Well, there’s good news and bad news. Unfortunately, teleportation has yet to be invented, and you’re not on a yacht. You are, however, privileged to be experiencing a unique duplex apartment designed for a client by Ben Kotlowitz and his team at KAA Architects. The duplex had belonged to the parents of Ben’s client and, over the years since he’d taken ownership, he and Ben had mulled over how to renovate it from something Austin Powers would have loved into a unique expression of contemporary luxury. “We talked about the project for four or five years,” says Ben. “He would call me up and say, ‘Let’s have another look at it to see what we can come up with.’ He owns a boat too, and we would sit up here discussing what it feels like to look out at the sea from the deck of a superyacht. So, yes – we used seagoing vessels as inspiration, and incorporated how the spaces would work and what the flow would be.”
Read the full story on this Sea Point apartment.
Bo-Kaap Apartment
It’s difficult not to be impressed by the view that greets you as you enter this top-floor, double-volume apartment. Even more difficult is deciding exactly what’s impressing you the most – the view, the architecture, the art, or the furniture.
It’s impossible to avoid the uninterrupted vista of Table Mountain through the floor-to-ceiling window, but even that can only hold your eye for a moment or two before you wonder at the expanse of off-shutter concrete and black metal catwalk above your head. Echoing the exterior’s asymmetrical boxiness, the inside of this apartment may be all right angles, but there’s certainly no square-matrix uniformity to the space.

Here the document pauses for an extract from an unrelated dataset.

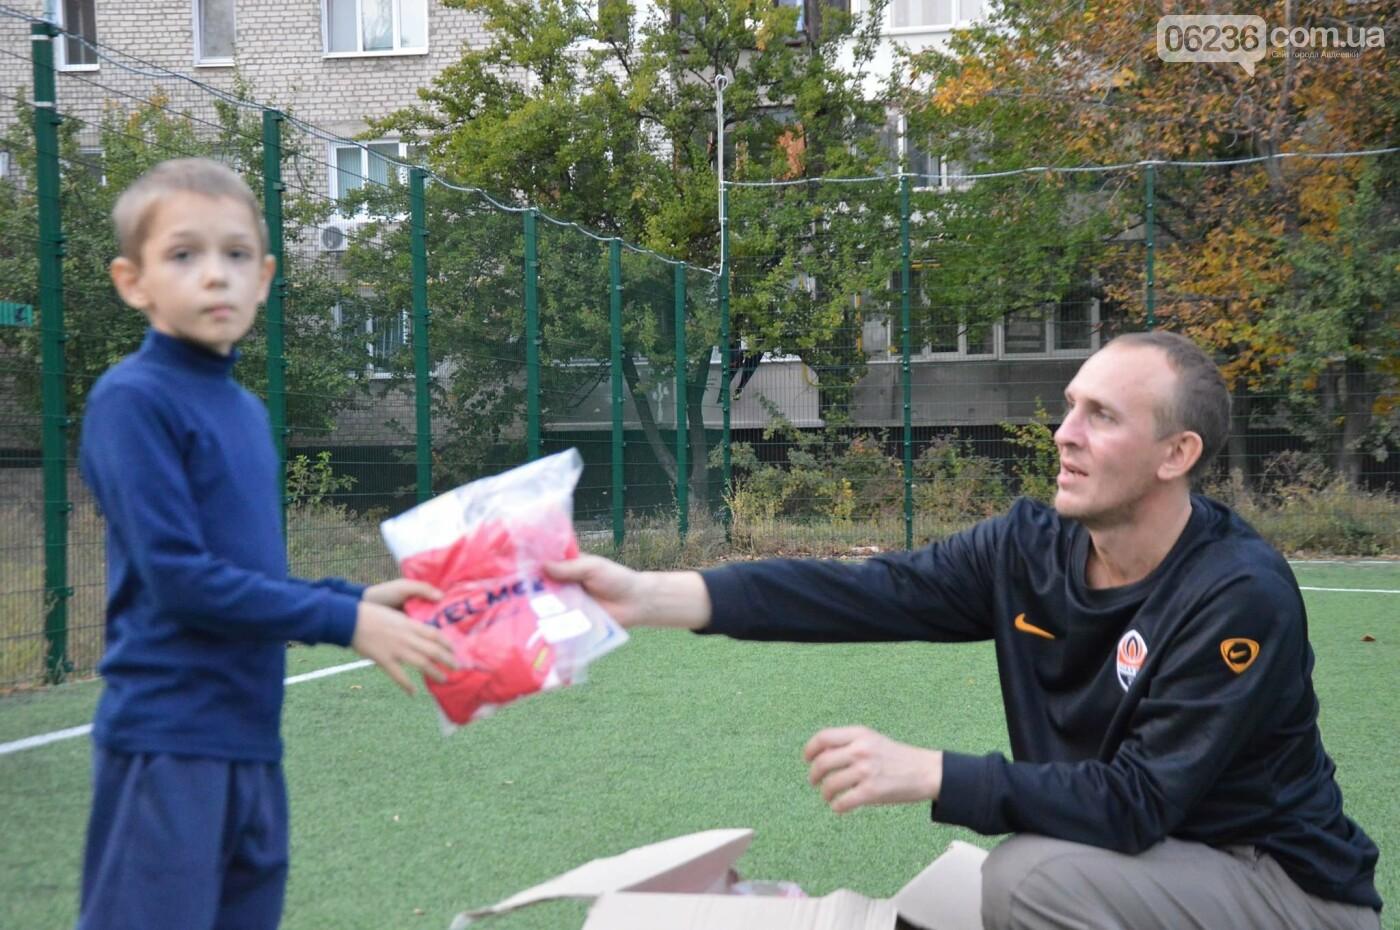 Нардеп Муса Магомедов продолжает поддерживать развитие спорта в Авдеевке (ФОТОФАКТ), фото-4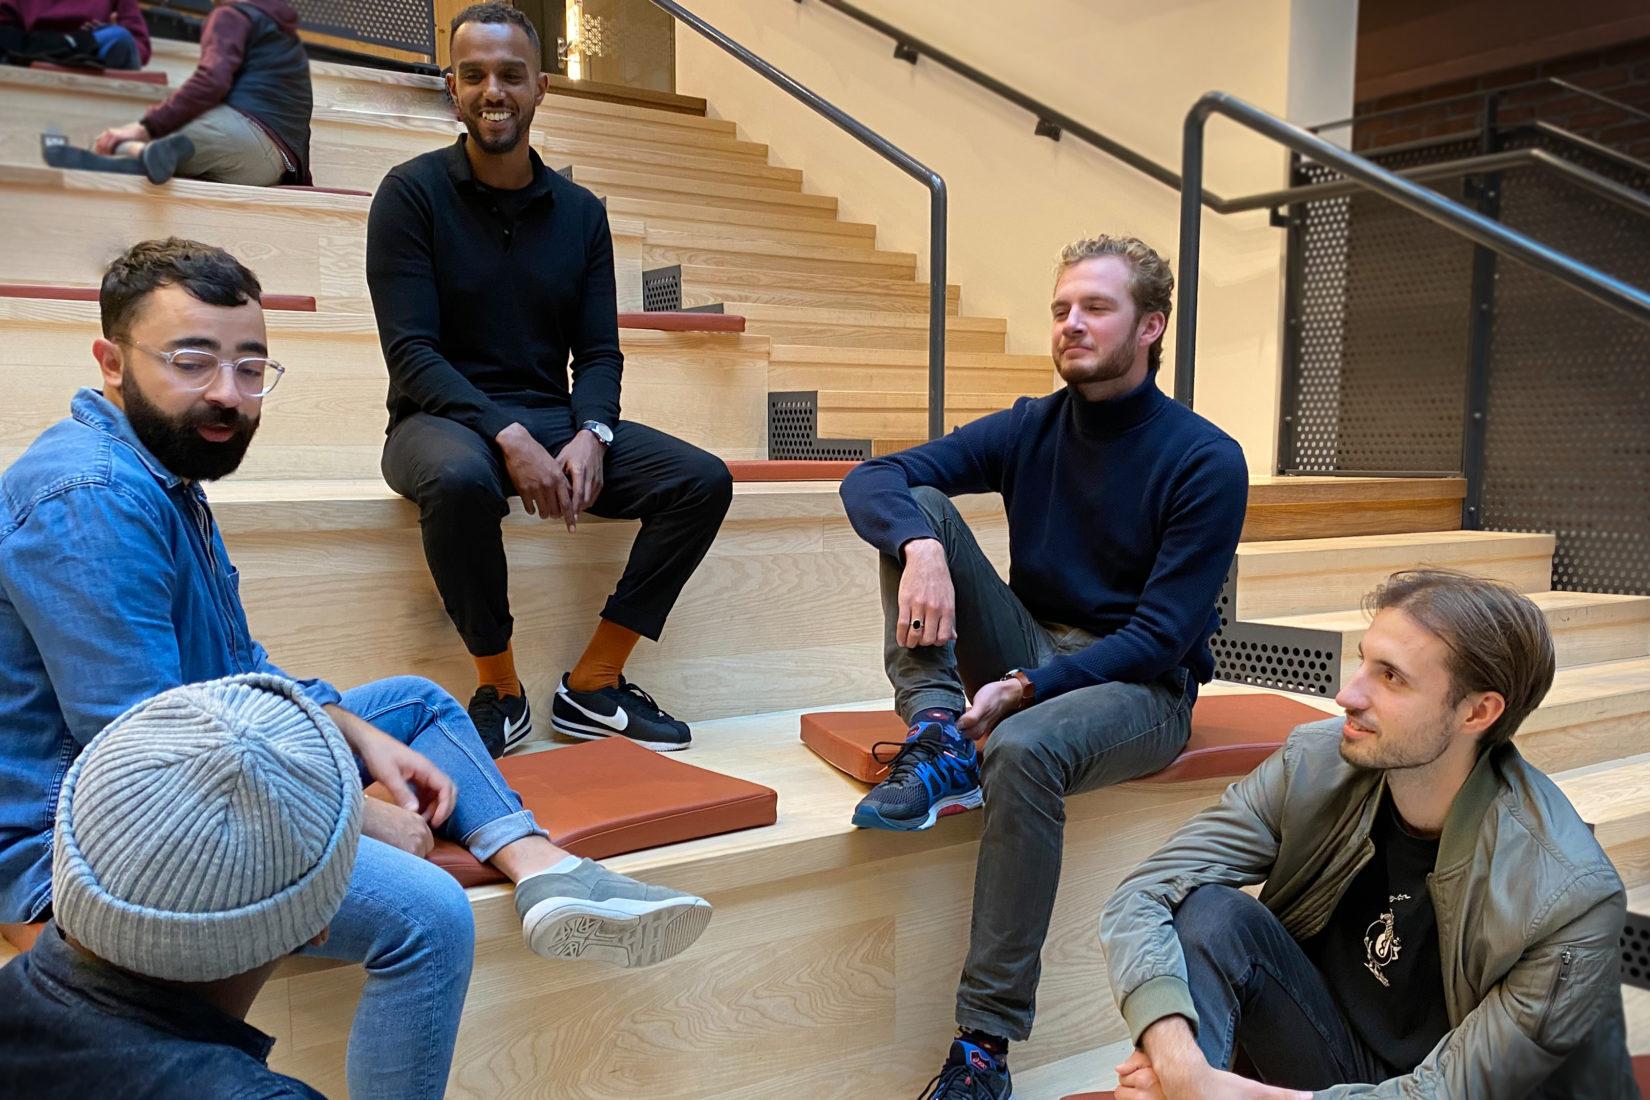 Fem män sitter i en trappliknande konstruktion och har en diskussion. #globalguytalk syftar till att samla män och prata om ämnen som sällan samtalas om. Foto: Svenska institutet

Then you take in the 40-plus artworks – the paintings and large framed photographs in bright reds, yellows, greens and neons; the sculptures that sit on various tables. Some of the artists you may recognise – Zander Blom, Serge Alain Nitegeka, Conrad Botes, Jacob van Schalkwyk, Edoardo Villa, Claudette Schreuders, Pieter Hugo. Other pieces are just as strong, but the artists are unfamiliar.